By looking at a part of the history of the Stedelijk Museum Amsterdam (SMA), Inge Meijer got intrigued by the appearance of plants in the exhibitions. Drawn to their implicit role in the museum and their particular narrative, Meijer started an extended research on the existance of plants as part of the exhibition design of the SMA.
After the Second World War in 1945, when Willem Sandberg started as the director of the SMA, he introduced plants into the exhibition space. This lasted until 1983. The plant collection grew gradually until, at a certain moment, a museum attendant, H.J. van der Ham, was specifically appointed to take care of the plants and got offered a two-year education to become a horticulturist. He took upon this task with much devotion and kept a personal archive in which a great deal of photos and documents concerning his work with the plants and correspondence with Willem Sandberg was preserved.

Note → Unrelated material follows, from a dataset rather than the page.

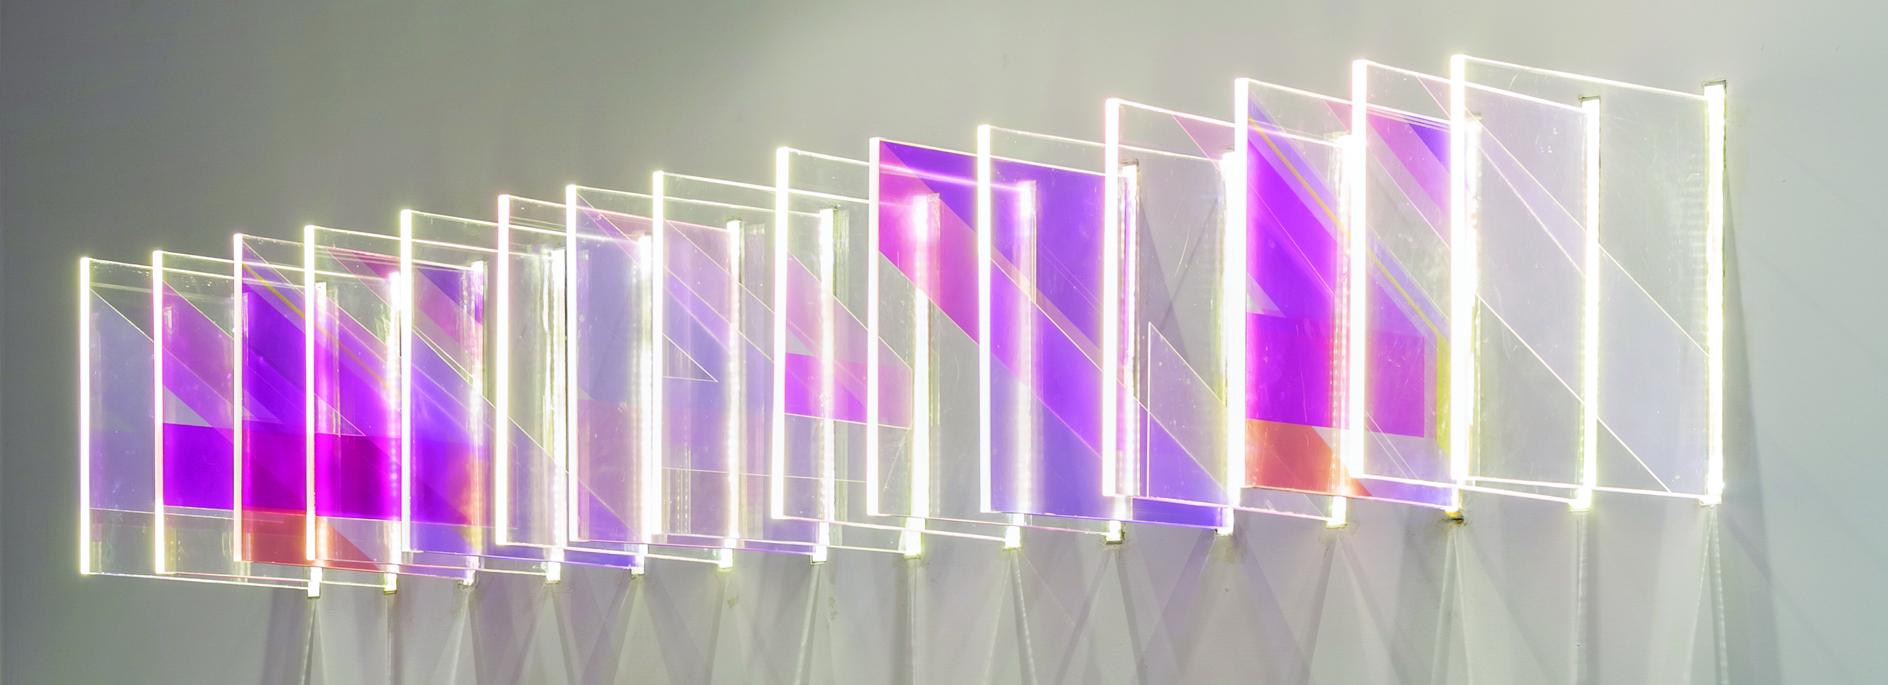 Blog Main Page Lumus Light Fixture Installation 3

What does it mean if plants are part of the museum apparatus? Some of them lived for decades in the museum and were placed in a variety of exhibitions. They appeared next to art pieces by e.g. Piet Mondriaan, Francis Bacon, Niki de Saint Phalle, Mark Rothko and Pablo Picasso. How does one experience an alive, habitual creature in need of water, light and soil next to a ‘dead’ object? Were these creatures used as decoration? The presence of plants open up something that is unknown to many and has been forgotten by others. Their presence then, in contrast to their absence now, shows an interesting change of conception. What was considered normal in the post-war museum seems unthinkable in the contemporary art museum; not only in terms of aesthetics, but also in view of safety and conservation regulations.